Nun meine Frage: Wie kann ich mit diesem Zubehör eine natürlich nicht professionelle, aber qualitativ zumindest hörbare Aufnahme machen?

- Ist es mit diesen "günstigen" Mikrofonen überhaupt möglich?
- Wie nehme ich am besten auf? PC-Mikrofon oder brauche ich wirklich einen (teuren) Harddisk-Recorder?
- Wie positioniere ich die Mikrofone am besten? (2 Ständer vorhanden, beim Mixer kann ich nur 2 Mikrofone anschliessen)

Danke für Tipps!


----------



## sight011 (1. September 2010)

Entscheidend für deine Aufnahme ist der A/D-Wandler, die Mikrofone sind doch gar nicht so schlecht.

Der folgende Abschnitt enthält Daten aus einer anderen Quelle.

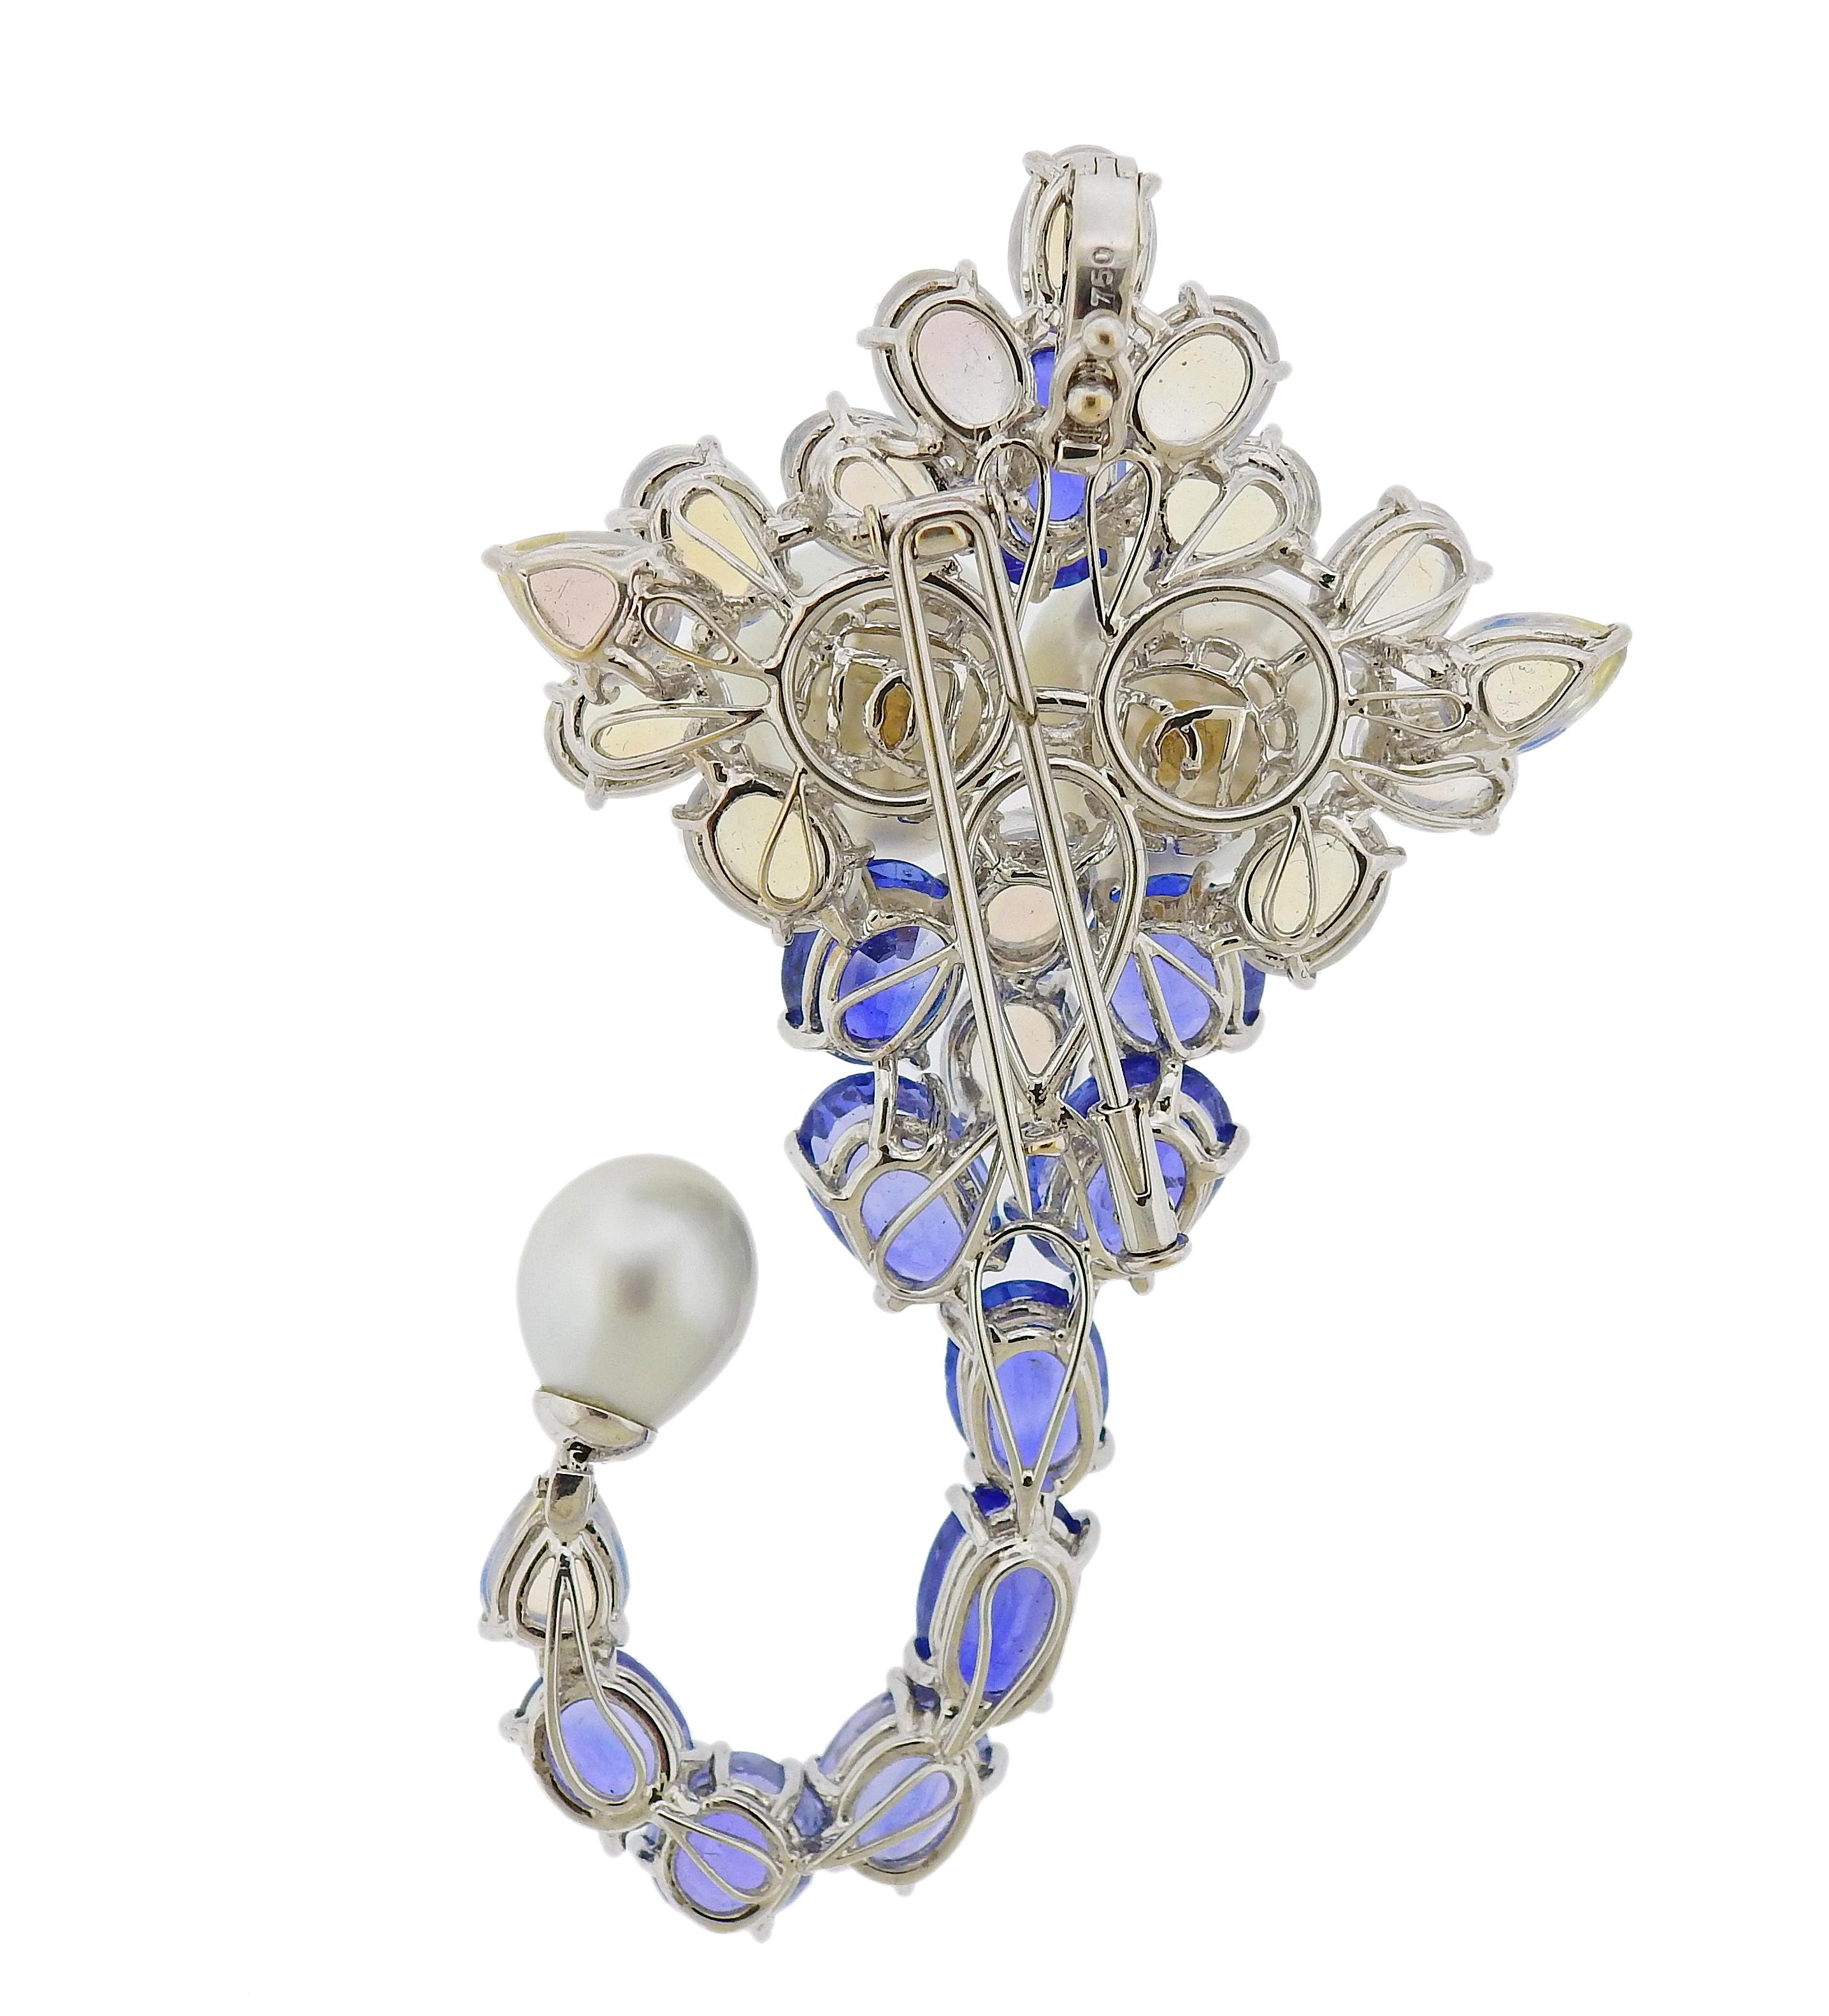 18k gold Brooch crafted by Assael for Prince Dimitri. Brooch features approximately 25.2ctw of blue sapphires, 21.10ctw in moonstone, and pearls. Retail is $27,200. Pendant/Brooch is 75mm x 47mm, Pearls are 10mm diameter; 15.1mm x 14.2mm. Total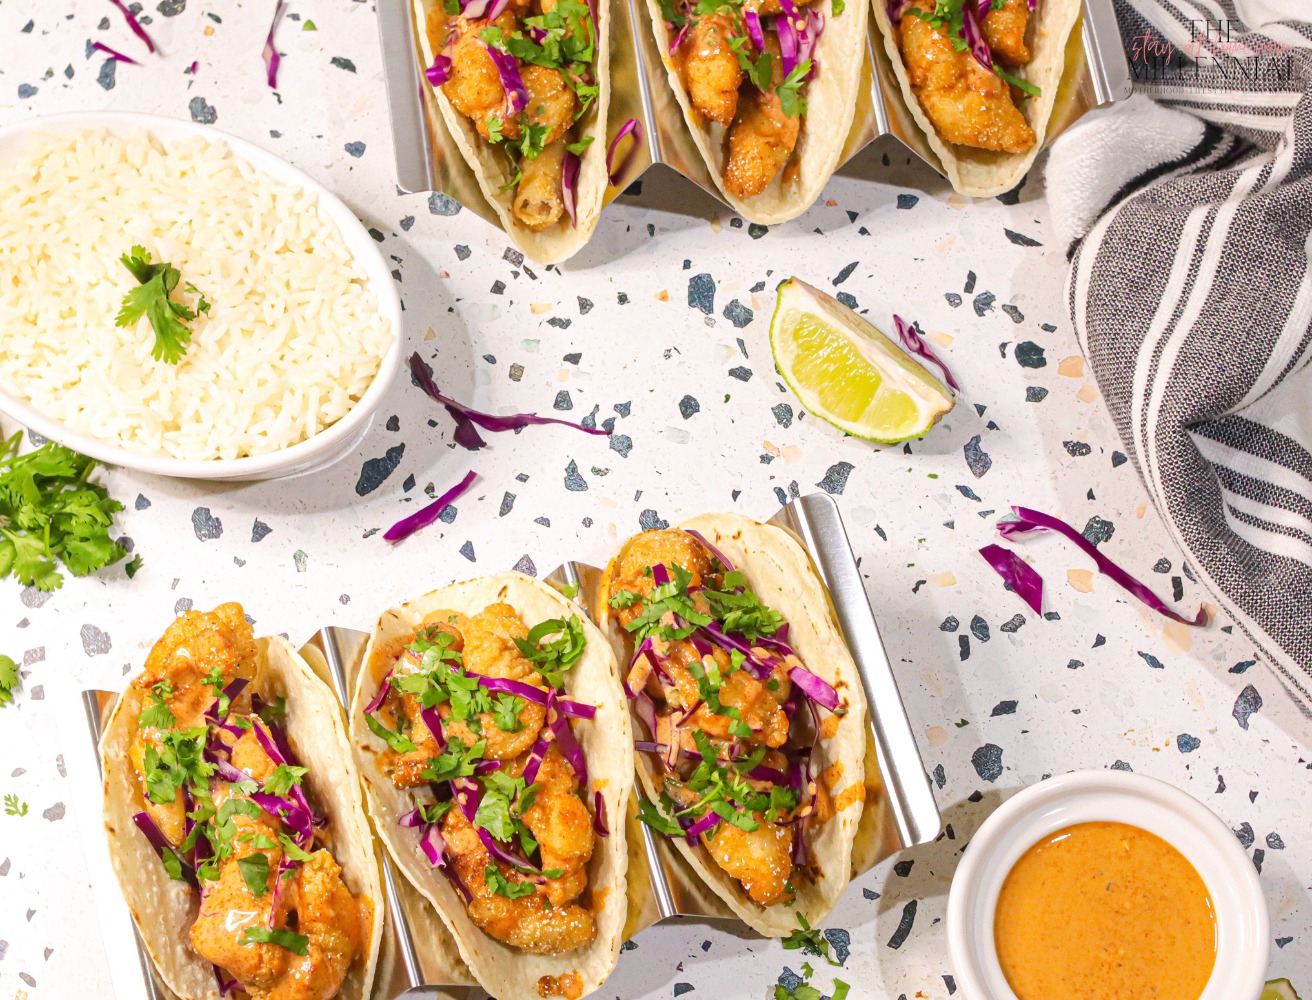 These fried catfish tacos are one of our absolute favorite go-to meals and are the perfect hearty dinner solution for any day of the week!

Hast Du keine andere Sequencer Software? 

Entscheidend ist auch der Raum
In dem Du aufnimmst ...


----------



## bokay (1. September 2010)

Hallo deinem Setup entnehme ich dass dein Budget eher begrenzt ist. Die Mikrofone sind eher bedingt etwas für Klavier, bzw. akustische Instrumente. Hier empfehlen sich Kondensatormikrofone, in deinem Fall wohl Kleinmembrane, da du zu Hause Aufnimmst wohl eher Druckgradientempfänger.
Mit diesen hier -> klick kommst du um sehr wenig Geld schon ein ganzes Stück weiter.
Als Audiointerface würde ich zu einem externen (USB) greifen. Du bist flexibler (Laptop, etc...) und die Wandler sind außerhalb deines Rechner-Gehäuses auch besser aufgehoben (Störeinstreuung).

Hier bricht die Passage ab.